Возвращение алтаря Святовита - стр. 31

– Вот спасибо. Это ж получается, люди Сталина услышат? – заволновался Савелий.

– Если он по радио выступать будет, то услышат.

– Надо чтоб выступал. Сил у меня уже терпеть нету! Деревенские бабы каждый день у меня спрашивают: Красная Армия когда придёт? А я им – терпите, бабоньки, недолго осталось. Двойную личину на себе ношу. В соседних деревнях упырём величают.

– И я тебе так же скажу. Терпи, Силантьевич. Не везде такие люди, как ты, есть. Не станет тебя, кто им надежду даст? Красная Армия сейчас за Ельню бой кровавый ведёт. Рвёт врага, да только много их.

– За Ельню бьются? Что ж они за Прилепово не бились? Стратеги, прости Господи! Пойду я, Николаевич. Восьмой час уже скоро. Буду радио ловить.

– Я тебе тут газет свежих насобирал, конфет детям, табака мужикам, чай, лекарство для Серафимы, колени мазать. Ты осторожнее там.
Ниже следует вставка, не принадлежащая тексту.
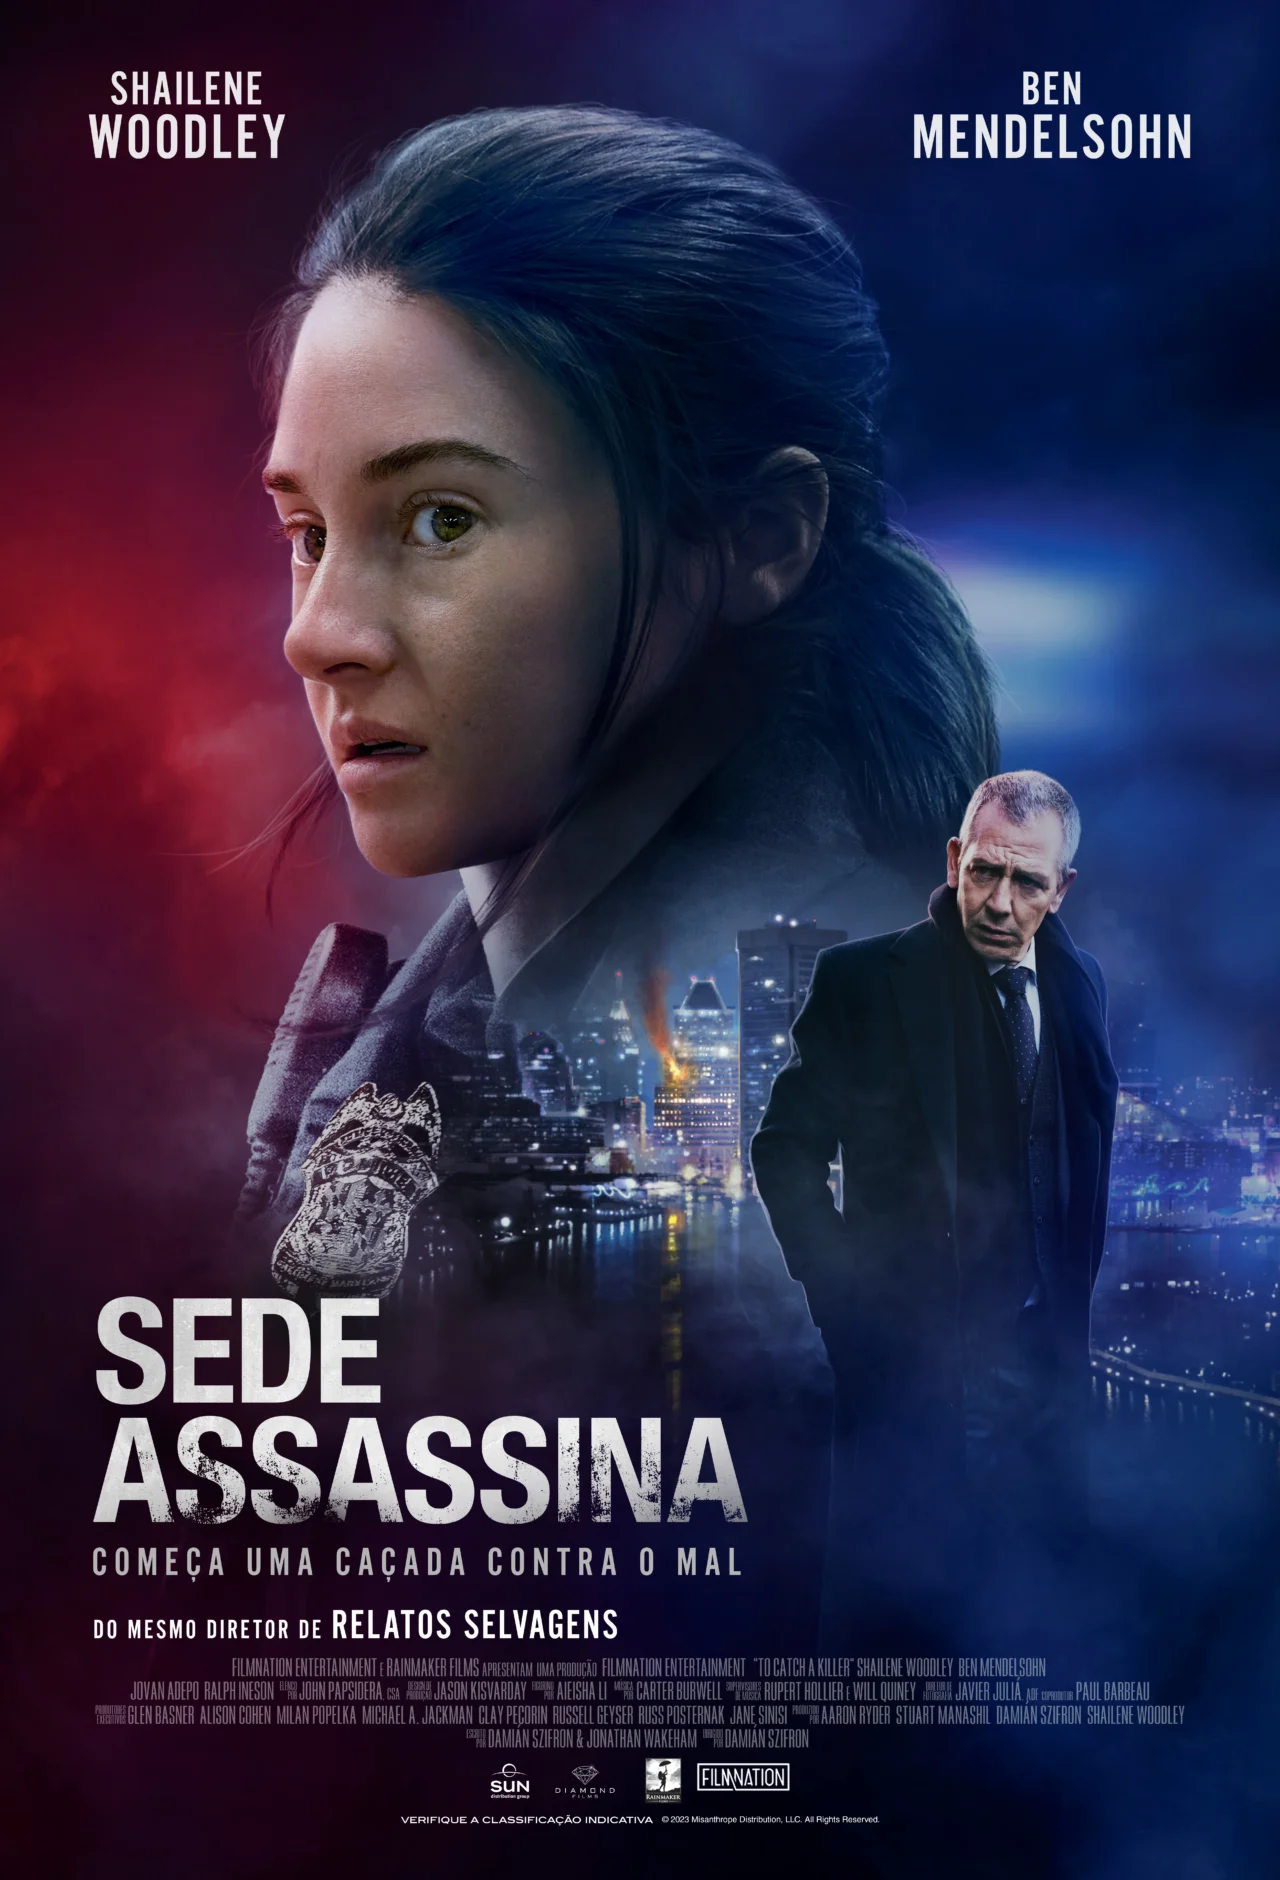 Sede Assassina | Diamonds Films libera poster de Filme com Shailene Woodley e Ben Mendelsohn

Вдруг кто? – на прощанье сказал я.

– Не боись, – с блеском в глазах ответил Савелий, – они у меня во где, – показал мне сжатый кулак и ударил себя в грудь, – я для прилепчан советская власть!

«Дай-то Бог, чтоб ты сохранил жизни прилепчан, Савелий Силантьевич», – подумал я и скрылся в лесу.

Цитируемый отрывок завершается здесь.